The film starred Luise Rainer, an actress who was labeled as difficult to work with. She had become famous in a short period by winning two Oscars for her portrayal of Anna Held in The Great Ziegfeld (1936) and O-Lan in The Good Earth (1937). Suddenly, the public didn't care about her anymore and she angered studio head Louis B. Mayer by constantly demanding a higher salary. His reaction was casting her in B-films only, including The Toy Wife.

There was a schedule conflict during the production, which forced director Richard Thorpe to withdraw from the direction of The Shopworn Angel (1938), a drama film starring Margaret Sullavan and James Stewart. There was a lack of a big budget. By casting Rainer, the studio couldn't afford a famous male lead and assigned Melvyn Douglas instead. Greer Garson was at one point considered for the role of Louise, but Rainer and Thorpe objected to the idea.

==Reception==
Although the studio thought the film would be a hit, it became a flop. According to MGM records the film earned $557,000 in the US and Canada and $298,000 elsewhere resulting in a loss of $29,000.

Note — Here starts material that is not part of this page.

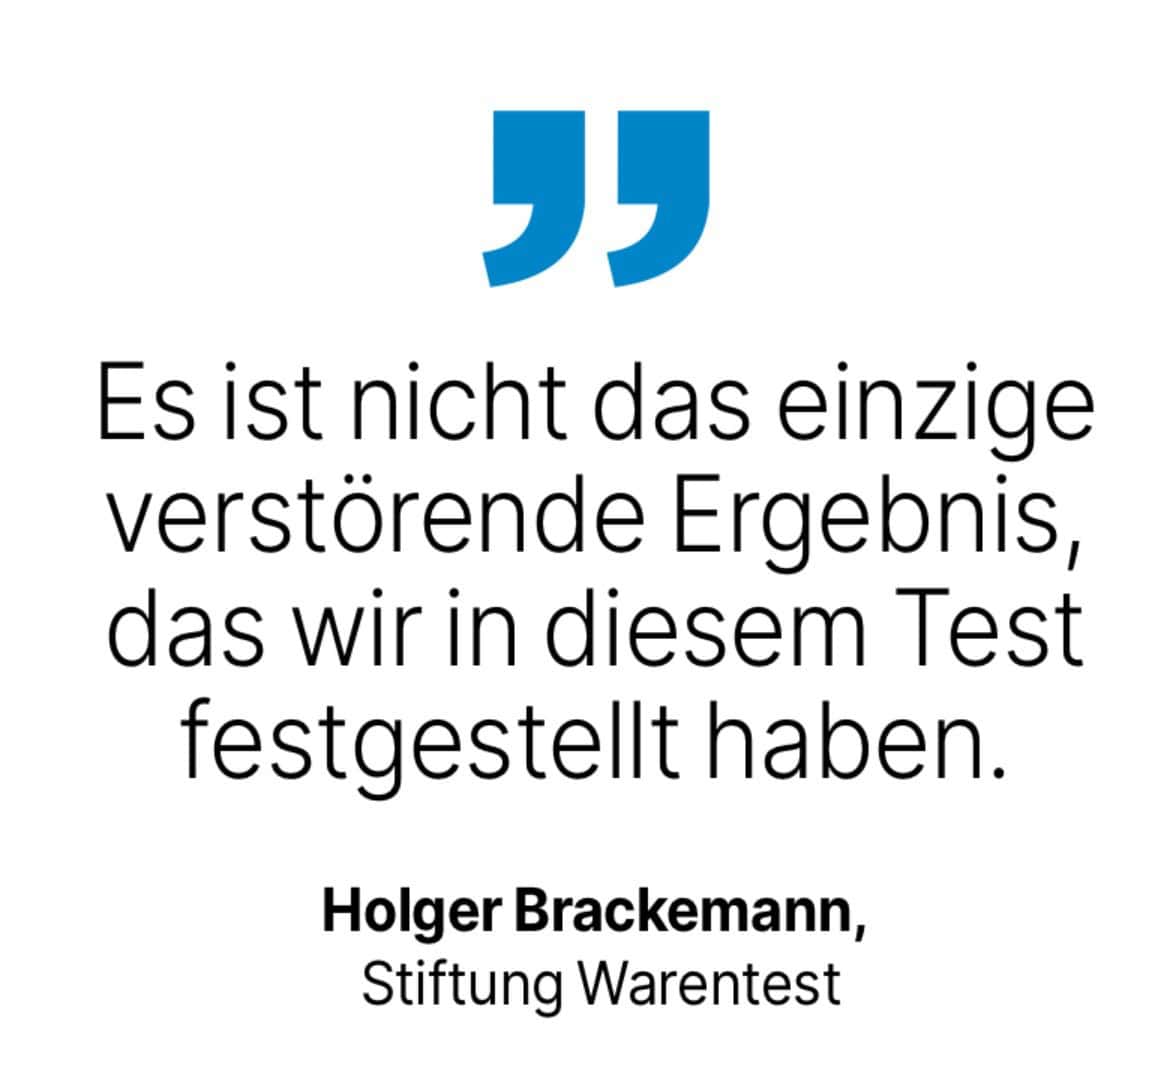 Holger Brackemann, Stiftung Warentest: Es ist nicht das einzige verstörende Ergebnis, das wir in diesem Test festgestellt haben.

The Toy Wife was dismissed as a tearjerker and the plot was heavily criticized. Rainer received a lot of negative criticism, with The New York Times calling her portrayal "wound too tightly for anybody's comfort". The critic also noted she was being "too feminine". Neither she nor the studio was happy with the results.

Rainer said her casting in this movie was a failed punishment, because she insisted she loved working with Douglas. Rainer was known for hating Hollywood and all the insiders, but described Douglas as a loving person, who was one of the few caring about more than acting. Nevertheless, Rainer ended her contract with the studio the same year and retired from the film industry.